Your 3-Step Recruiting Team Makeover

How to Change Your Culture for Passive Talent Success

There’s a reason over 60 percent of recruiting leaders today focus on passive talent. Sourcing passive candidates is the single most effective thing you can do to increase quality of hire and build an all-star organization.

However, many companies are stuck in old recruiting cultures: limiting themselves to candidates that are actively looking and available rather than fostering a culture of proactive head-hunting. If your company could use a culture refresh (or dramatic overhaul!) here’s how to make your team, peers, and leaders march to the same passive talent drum. 

1. Build the business case

  • Get your decision makers’ attention with cold, hard facts
    Choose an area you are struggling to find talent for and highlight the problems with posting and praying: for example, “time to hire is x days and increasing” or “we received 130 applicants, only two of whom were qualified”. Share the research showing that 80 percent of working professionals aren’t looking for jobs. Run some basic searches on LinkedIn to size the populations you’re trying to target. 

  • Highlight competitors’ success
    Comb case studies to share which competitors are investing in passive talent recruiting and what they’ve achieved. 

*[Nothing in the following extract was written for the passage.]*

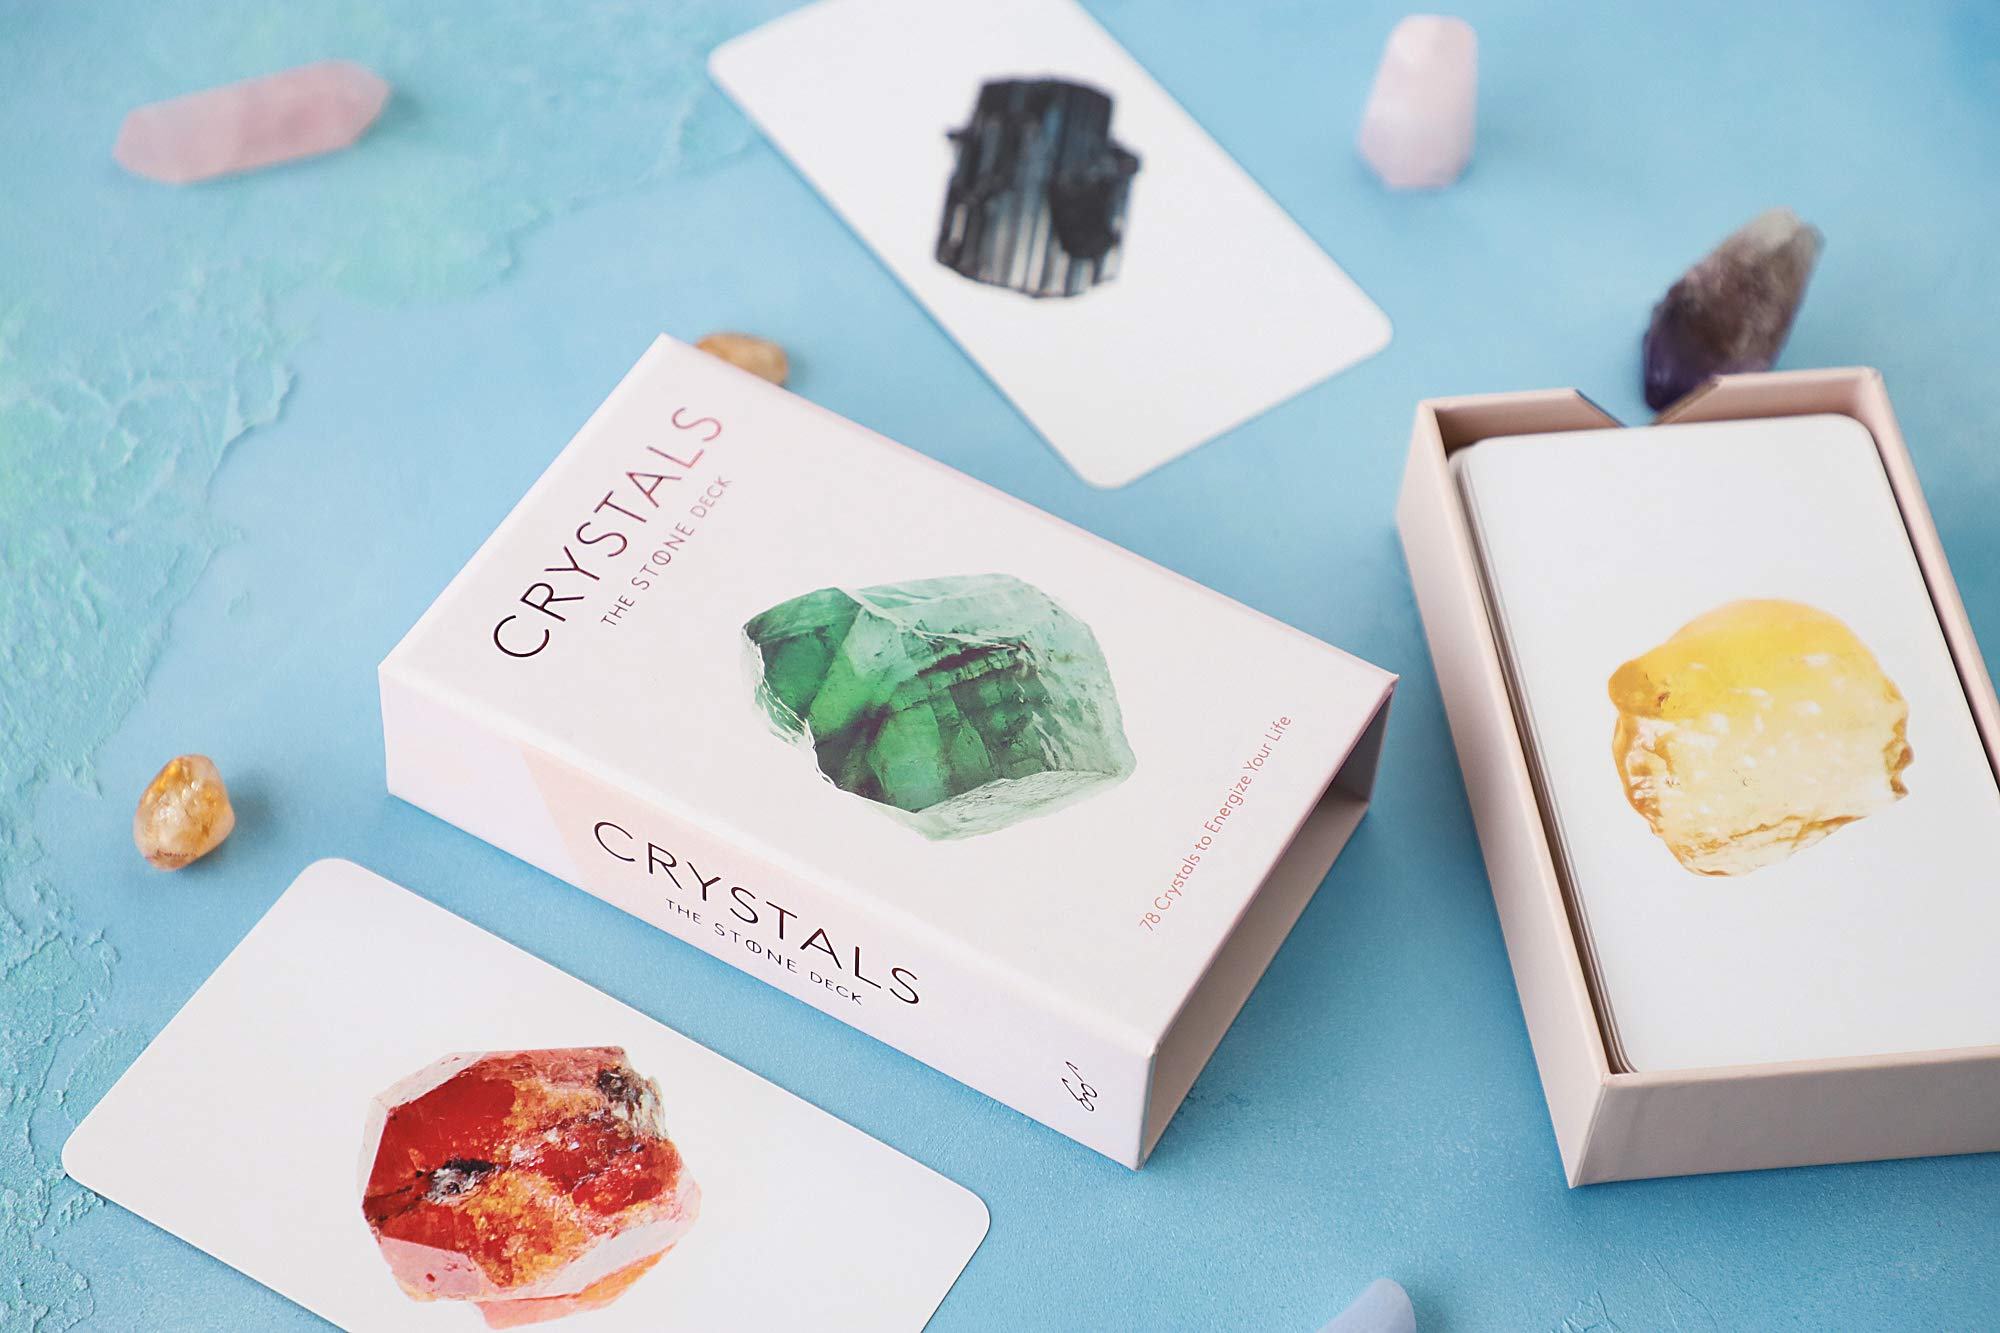 Crystals: The Stone Deck. Crystal Cards. Crystal Energy Cards. Crystal Card Per Day

  • Show what you’re (really) spending today
    Tally up all costs – internal and agency - across departments to calculate your annual sourcing spend. Often this cost is absorbed by business units and never aggregated so your leaders may be shocked by the total. Propose reinvesting a portion – even on a trial basis – to prove the ROI of a direct sourcing approach. Make sure you ask for enough time – 3 to 6 months - to be successful. 

  • Take advantage of your size
    If you’re a small or medium-sized business, cut to the chase by zeroing in on the key people in your organization who are unofficial “culture officers” or who carry the most decisionmaking sway. 

2. Invest in your people

  • Focus on one actionable skill to develop each month
    For example: social media skills, engaging candidates, delivering an elevator pitch, crafting an InMail or leveraging data.

  • Carve out time to work on passive candidate recruiting
    Recruiters need to actively network and create long-term relationships with potential candidates. Help them prioritize. Non-referred, inbound candidates who don’t match hiring manager needs can wait. 

  • Use incentives to encourage passive talent recruiting
    Recognize and celebrate winners. If you can, compensate recruiters like sales reps by offering real incentives such as bonuses. 

  • Provide hands-on training
    Some formats you could try: “Polish Your Profile” or “Profiles to Recruit” workshops; InMail best practice lunch sessions; deep dives on different business lines to help recruiters understand recruiting priorities.
     
  • Partner with your hiring managers
    Train hiring managers on passive vs. active talent recruiting and how to talk about your employer brand. Help them polish their profiles and involve them in the sourcing process. Leverage their networks to identify strong potential candidates from their prior lives and get the word out about key openings.

3. Monitor and communicate your progress

  • Praise team triumphs
    Orchestrate early wins to build support. Publicly praise good performance inside and outside your team. 

  • Know your numbers
    Track your team’s success in terms of key business metrics – not just recruiting. Hard cost savings are always popular with executives. 

  • Don’t be shy
    Send regular highlights on passive talent recruiting to business leaders outside of HR to keep it top of mind.